Calculate moments for linear combinations of independent random variables

In the previous reading, we defined \(Y=c_{1} X_{1}+c_{2} X_{2}+\cdots+c_{p} X_{p}\) to be a linear combination of the independent random variables \(X_{1}, X_{2}, \ldots, X_{p}\) where \(c_{1}, c_{2}, \ldots, c_{p}\) are constants.

Now, we may wish to calculate moments such as mean and variance for these linear combinations.

Mean of a Linear Combination of Independent Random Variables

Let \(Y=c_{1} X_{1}+c_{2} X_{2}+\cdots+c_{p} X_{p}\) be a linear combination of random variables \(X_{1}, X_{2}, \ldots, X_{p}\). Assume that \(X_{1}, X_{2}, \ldots, X_{p}\) are independent. Then, the expected value of \(Y\) is given by:
$$
\text{E}(\text{Y})=\text{c}_{1} \text{E}\left(\text{X}_{1}\right)+\text{c}_{2} \text{E}\left(\text{X}_{2}\right)+\cdots+\text{c}_{\text{p}} \text{E}\left(\text{X}_{\text{p}}\right)
$$

Example 1: Mean of a Linear Combination of Independent Random Variables

An insurance company insures farmers against losses caused to crops by hail. Let \(\text{X}, \text{Y}\), and \(\text{Z}\) be the amount of claims from three different farmers. The mean claim amounts are 20, 15, and 25 for \(X, Y\), and Z, respectively.
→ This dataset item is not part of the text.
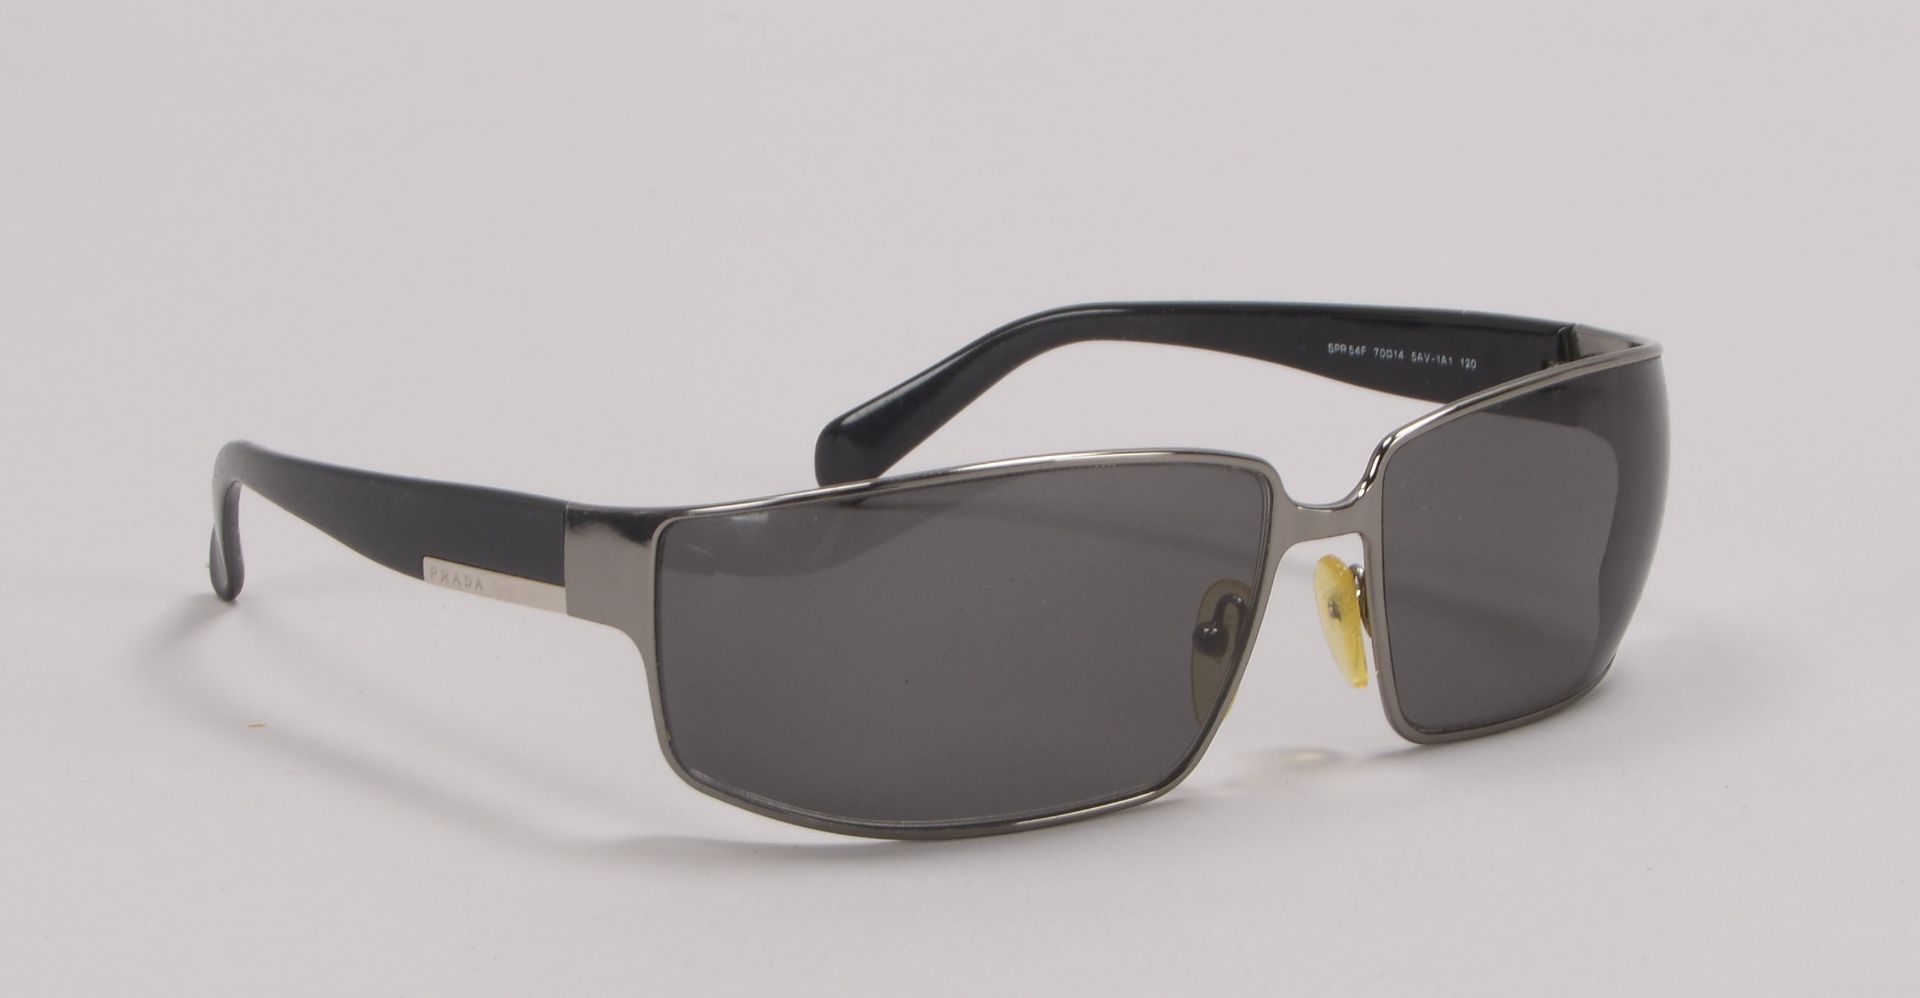 Prada/Italien, Designer-Sonnenbrille, im Etui - in gepflegtem Zustand; Rahmenbreite 14 cm - Bild 2 aus 3

Assume that \(\text{X}, \text{Y}\), and \(\text{Z}\) are independent.

Find \(E(X+Y+Z)\)

Solution

We know that,

$$
\begin{aligned}
\text{E}(\text{X}+\text{Y}+\text{Z}) &=\text{E}(\text{X})+\text{E}(\text{Y})+\text{E}(\text{Z}) \\
&=20+15+25=60 \end{aligned}
$$

Example 2: Mean of a Linear Combination of Independent Random Variables

A sickness benefit plan has two types of benefits, \(X\) and \(Y\). The benefits are independent and with the following probability density functions:
$$
\begin{aligned}
&\text{f(x})=\left\{\begin{array}{cc}
0.2 e^{-0.2\text{x}}, \quad \text{x} \geq 0 \\
0, \quad \text { elsewhere }
\end{array}\right. \\ \\
&\text{f(y)}=\left\{\begin{array}{cc}
0.1 e^{-0.1 \text{y}}, \quad \text{y} \geq 0 \\
0, \quad \text { elsewhere }
\end{array}\right.
\end{aligned}
$$

Find \(\text{E}(\text{X}-\text{Y})\)

Solution

Since \(\text{X}\) and \(\text{Y}\) are independent, then
$$
\text{E}(\text{X}-\text{Y})=\text{E}(\text{X})-\text{E}(\text{Y})
$$
Now,
$$
\text{E}(\text{X})=\int_{0}^{\infty} \text{x} * 0.2 \text{e}^{-0.2 \text{x}} \text{dx}=5
$$
and,
$$
\begin{gathered}
\text{E}(\text{Y})=\int_{0}^{\infty} \text{y} * 0.1 \text{e}^{-0.1 \text{y}} \text{dy}=10 \\ \\
\Rightarrow \text{E}(\text{X}-\text{Y})=5-10=-5
\end{gathered}
$$

Variance of a Linear Combination of Independent Random Variables

Let \(Y=c_{1} X_{1}+c_{2} X_{2}+\cdots+c_{p} X_{p}\) be a linear combination of random variables \(X_{1}, X_{2}, \ldots, X_{p}\). Assume that \(X_{1}, X_{2}, \ldots, X_{p}\) are independent. Then, the variance of \(Y\) is given by:

$$
\text{V}(\text{Y})=\text{c}_{1}^{2} \text{V}\left(\text{X}_{1}\right)+\text{c}_{2}^{2} \text{V}\left(\text{X}_{2}\right)+\cdots+\text{c}_{\text{p}}^{2} \text{V}\left(\text{X}_{\text{p}}\right)
$$

Example 1: Variance of a Linear Combination of Independent Random Variables

An actuary wants to determine the annual number of hailstorm days in two neighboring counties, \(\text{P}\) and Q. Let \(X\) and \(Y\) be the annual number of hailstorm days in counties \(P\) and \(Q\), respectively. \(X\) and \(Y\) are independent and distributed as in the table below:

$$\begin{array}{l|c|c|c|c}
& 0 & 1 & 2 & 3 \\
\hline \text{P}(\text{x})& \frac{1}{3}& \frac{1}{6}& \frac{1}{3} & \frac{1}{6}\\
\hline \text{P}(\text{y})& \frac{1}{4}& \frac{1}{4}& \frac{1}{4}& \frac{1}{4}\\ \end{array}$$

Assume that \(\text{X}\) and \(\text{Y}\) are independent.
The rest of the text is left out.